Architecture¶
Layout¶
trnrand/
├── trnrand/
│ ├── __init__.py # Re-exports all RNG operations
│ ├── generator.py # Generator class, seeding, state management
│ ├── distributions.py # uniform, normal, exponential, bernoulli, etc.
│ ├── quasi.py # sobol, halton, latin_hypercube
│ └── nki/
│ ├── __init__.py # Backend dispatch (set_backend / HAS_NKI)
│ └── dispatch.py # Philox kernel scaffold for on-device RNG
├── tests/
├── examples/mc_integration.py
└── benchmarks/
Use cases across the suite¶
| Use case | trnrand function | Consumer |
|---|---|---|
| Noise injection (speech training) | normal() |
trnfft |
| Stochastic trace estimation | normal(), sobol() |
trnsolver |
| Weight initialization | truncated_normal() |
trnfft/nn.py |
| Monte Carlo integration | sobol(), halton() |
trnblas (DF-MP2) |
| Hyperparameter sweeps | sobol() |
Ablation studies |
| Data augmentation | uniform(), bernoulli() |
General |
NKI strategy¶
The Philox 4×32 counter-based RNG maps cleanly to Trainium:
- GpSimd engine runs the integer multiply-XOR rounds (the Tensor Engine is wasted on this).

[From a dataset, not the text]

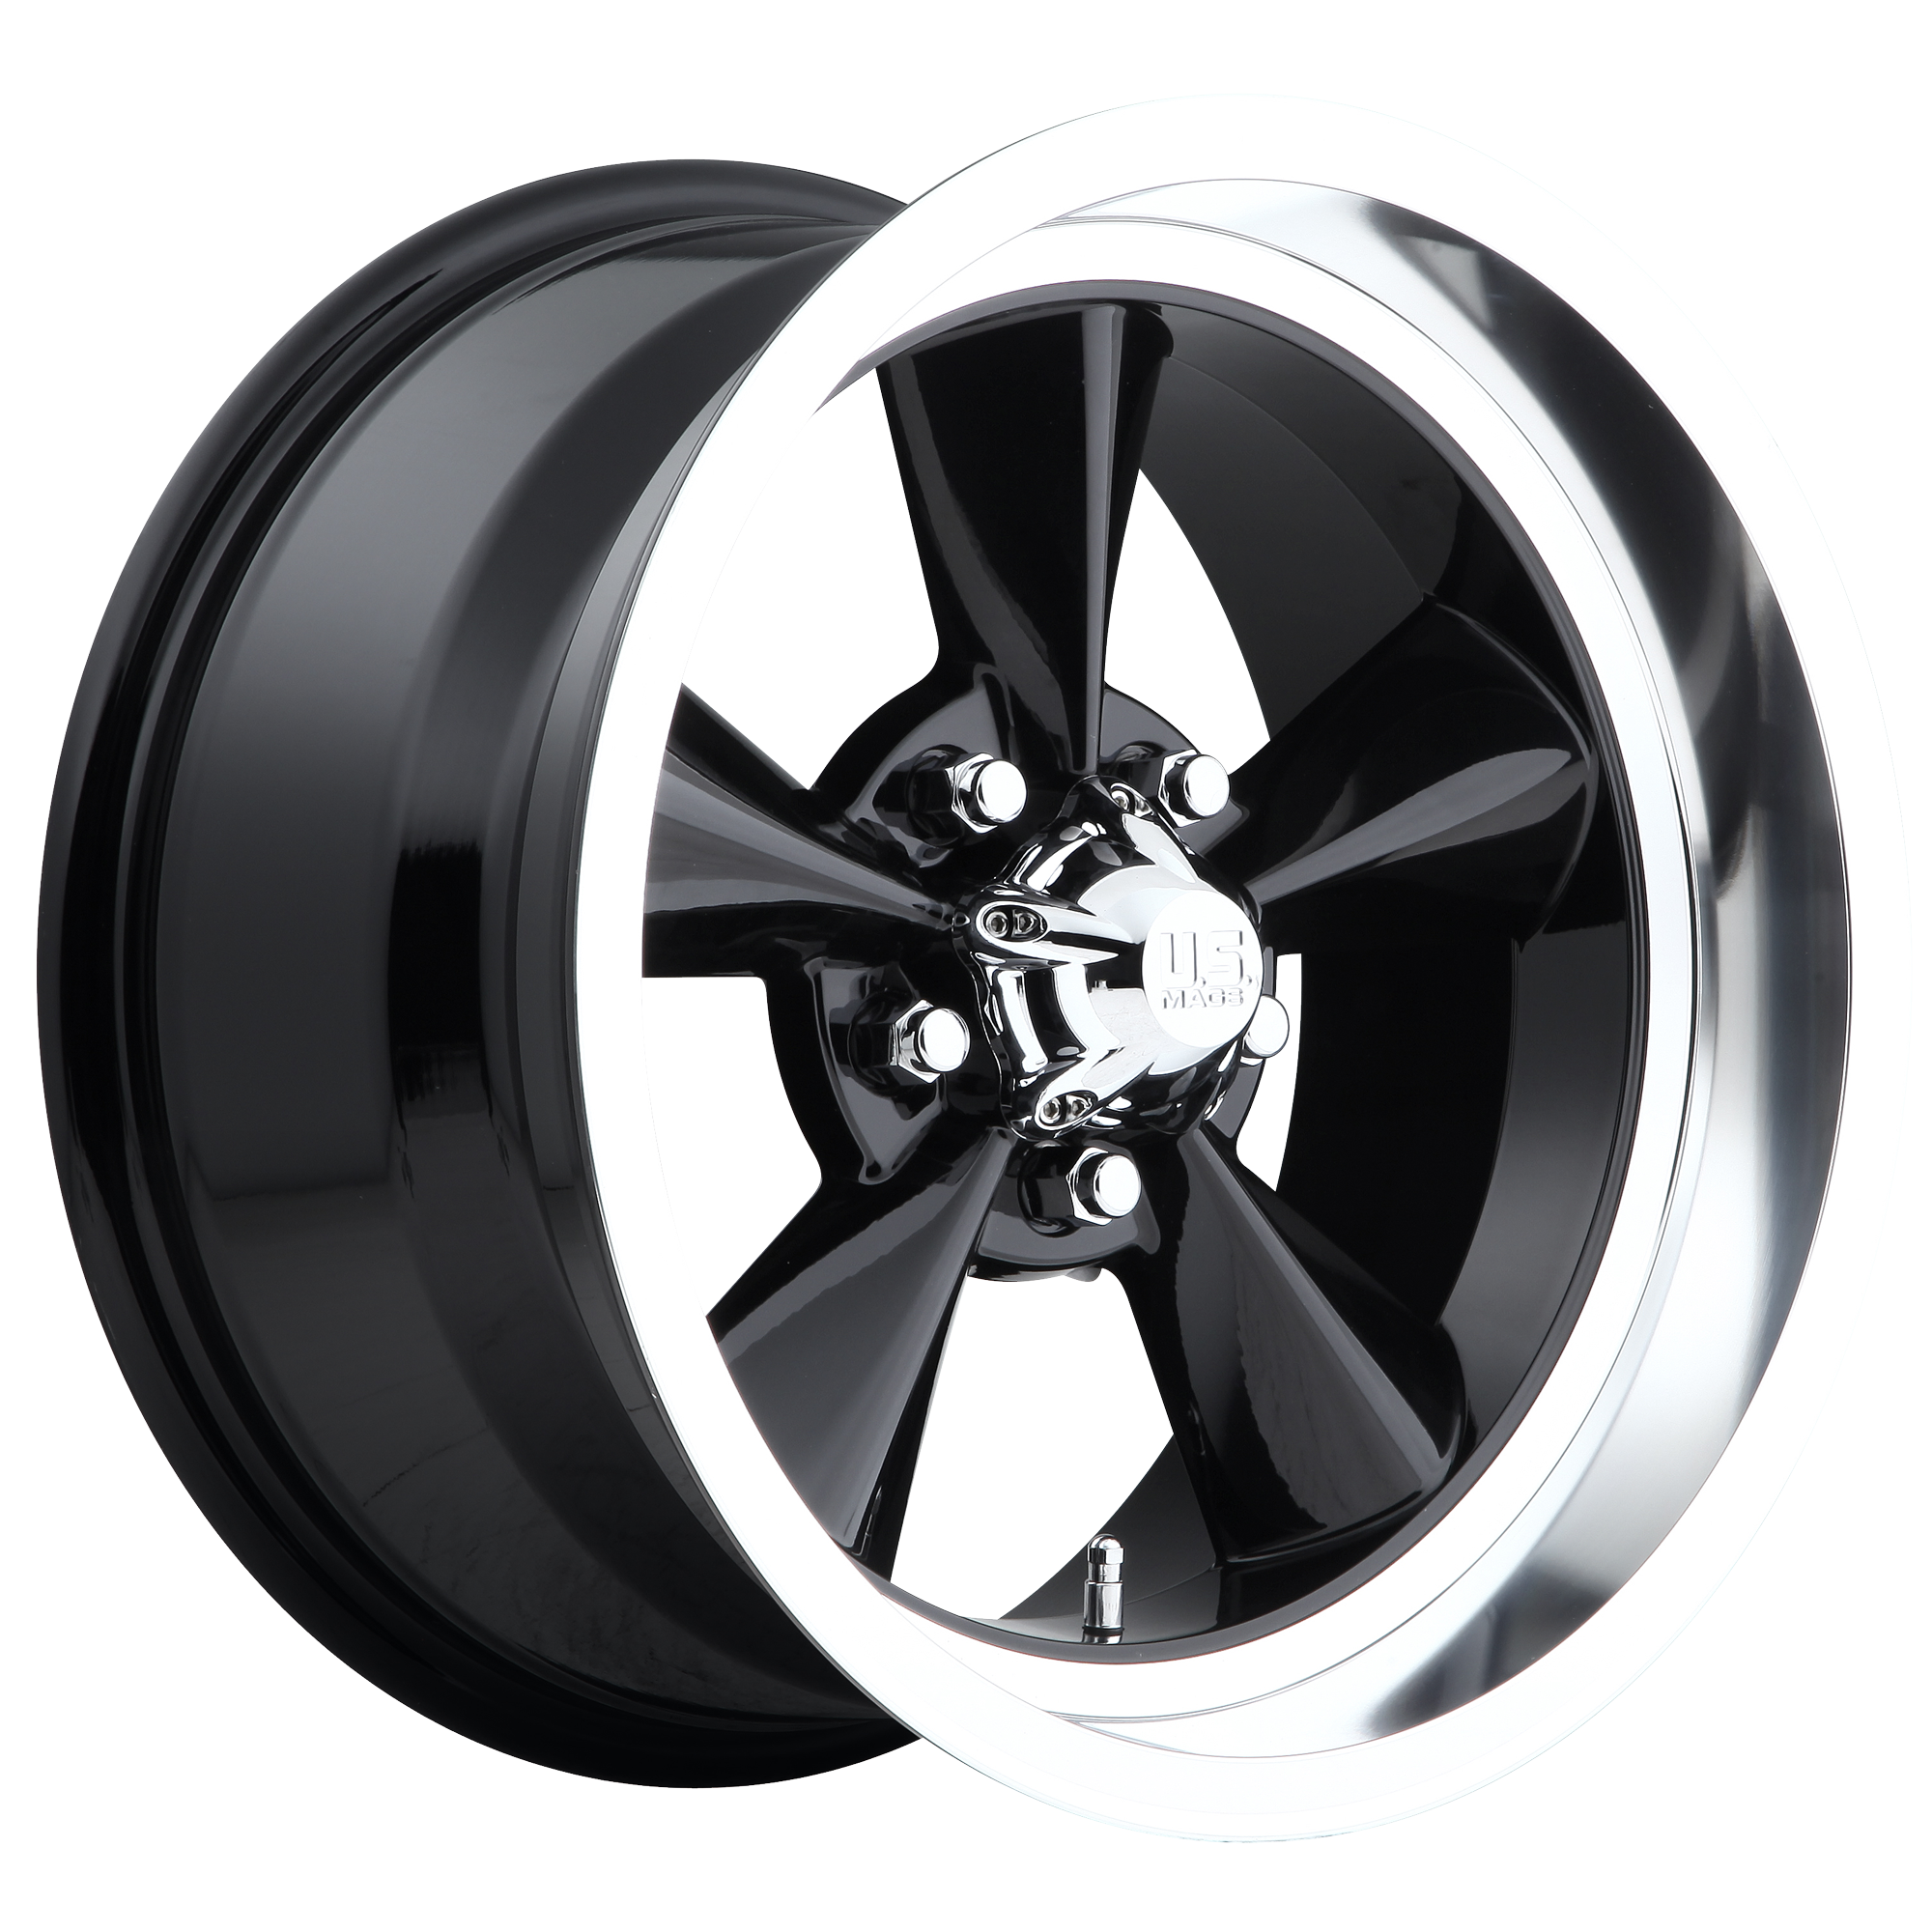 STANDARD 17x8 5x114.30 GLOSS BLACK (1 mm) - Tires and Engine Performance
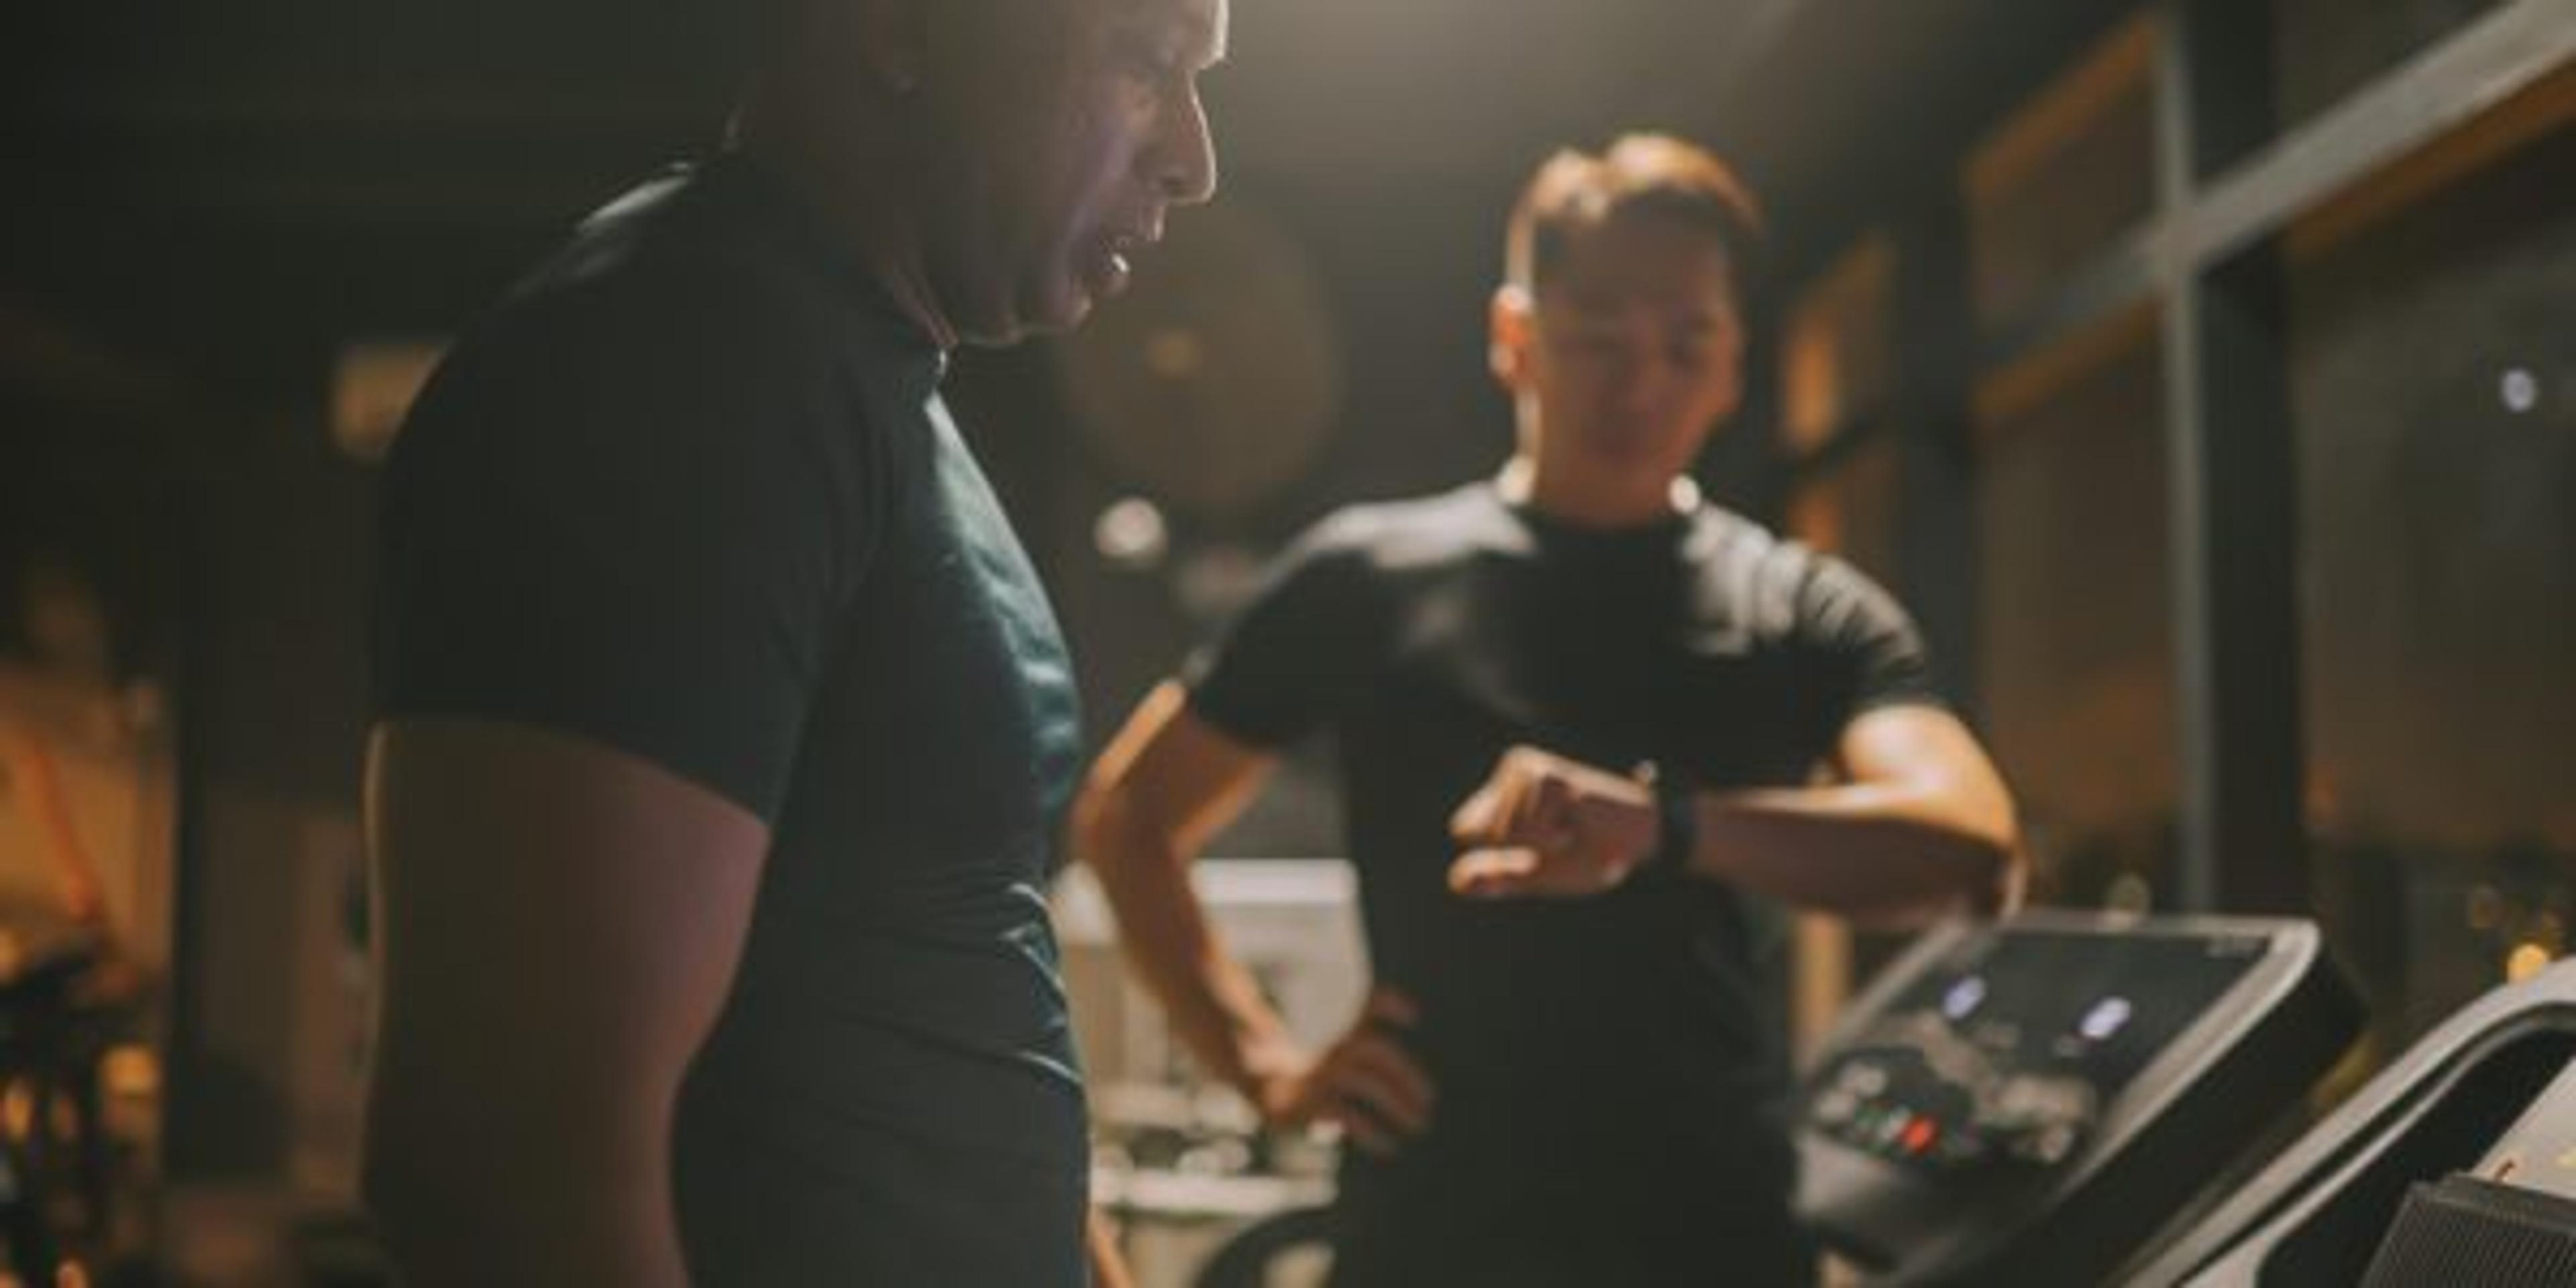 Body Positive Asian Indian man running on treadmill monitored by fitness instructor timing

- Parallel generation: each tile gets a disjoint counter range, no cross-tile coordination required.
- Deterministic:
(counter, key) → output— no state to synchronize across cores.
Philox is preferred over Mersenne Twister precisely because it's stateless and trivially parallelizable. It's the same engine used by cuRAND and JAX.
Box-Muller for normal()¶
The on-device normal path is a Box-Muller transform layered on the Philox uniform stream:
- Pairs of uniforms
(u1, u2)→ standard-normal pairs(z1, z2)viar = √(-2 ln u1),θ = 2π u2,z1 = r cos θ,z2 = r sin θ. - Runs on the Vector Engine, which has hardware
cos/sin/log/sqrt. - Box-Muller is preferred over Marsaglia polar here: Marsaglia avoids the trig calls but uses rejection sampling, which serializes branch-divergent lanes and kills SIMD throughput. Box-Muller has constant work per pair.
Known gaps¶
- NKI Philox kernel awaits on-hardware validation. The CPU reference
(
philox4x32_reference,philox_uniform_cpu) is the conformance oracle; seetests/test_nki_philox.py::TestPhiloxNKI. Tracked as #1. - Box-Muller kernel awaits on-hardware validation. Tracked as #2; same CPU-reference conformance pattern.
- Halton degrades above ~20 dimensions — known algorithmic limitation.
Sobol is preferred for
d > 10. - Quasi-random sequences are host-only. NKI scrambling for Sobol/Halton is a v0.3 follow-up.